For over 50 years, American author Frank Herbert's best-selling science-fiction novel Dune was a puzzle no one in show business seemed able to solve.

Dune: Prophecy series faced the pitiless terrain of adapting anything Dune

Published in 1965, the book had inspired a shelf full of sequels and prequels - along with scores of imitators - yet it defied every attempt to turn it into a blockbuster film or TV series.

In the 1970s, beloved Chilean-French avant-garde filmmaker Alejandro Jodorowsky spent two years and millions of dollars developing a movie and never shot a single frame.

America's David Lynch tried next, but the resulting film, released in 1984, was a personal and box-office catastrophe.

The story's vastness and exoticism proved as perilous to storytellers as the fictional planet Arrakis, whose hostile deserts inspired the franchise's name.

When the HBO series Dune: Prophecy was announced in 2019, its prospects seemed just as murky.

Indeed, the production struggled to find its footing. By the premiere on Max on Nov 19, it will have seen four showrunners, three lead directors and high-level cast changes - not to mention a pandemic and two crippling industry strikes.

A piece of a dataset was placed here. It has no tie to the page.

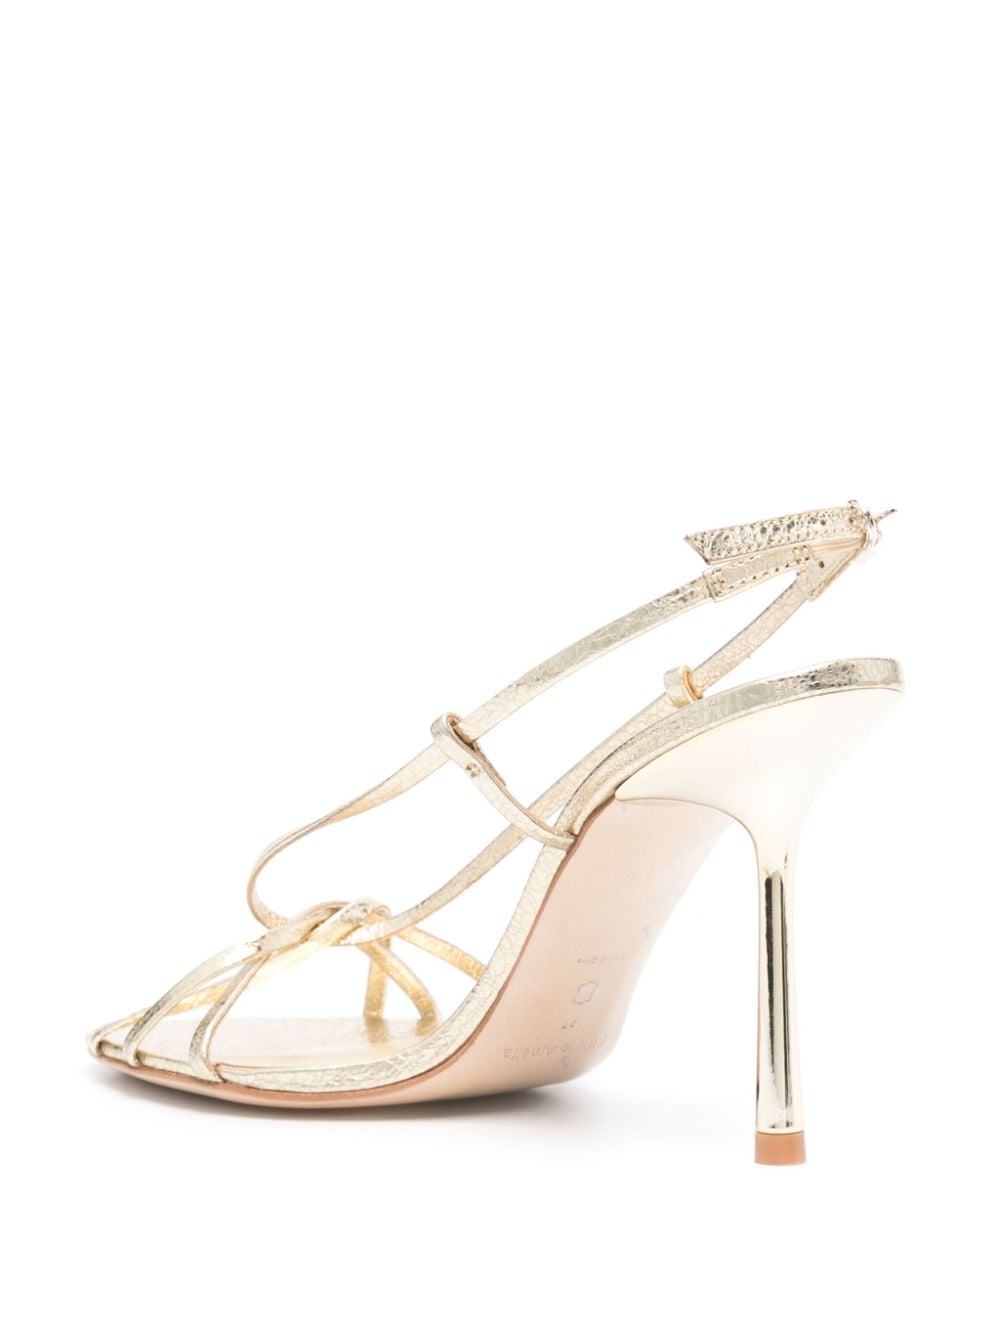 Shop Studio Amelia Entwined 90mm Leather Sandals In Gold

But then in 2021, French-Canadian filmmaker Denis Villeneuve, who was set to direct the pilot, released Part 1 of his two-part adaptation of Dune. Critics were ecstatic, and the film grossed over US$400 million (S$532 million) worldwide.

Suddenly, a Dune franchise looked viable. Villeneuve's team had offered a blueprint for other creators to work from - tonally, aesthetically and narratively. The studios behind the film, Legendary and Warner (which owns HBO), are also behind the series.

Perhaps more important, there was now a huge audience that had never read Herbert's famously dense novels, but had become invested in the story and characters.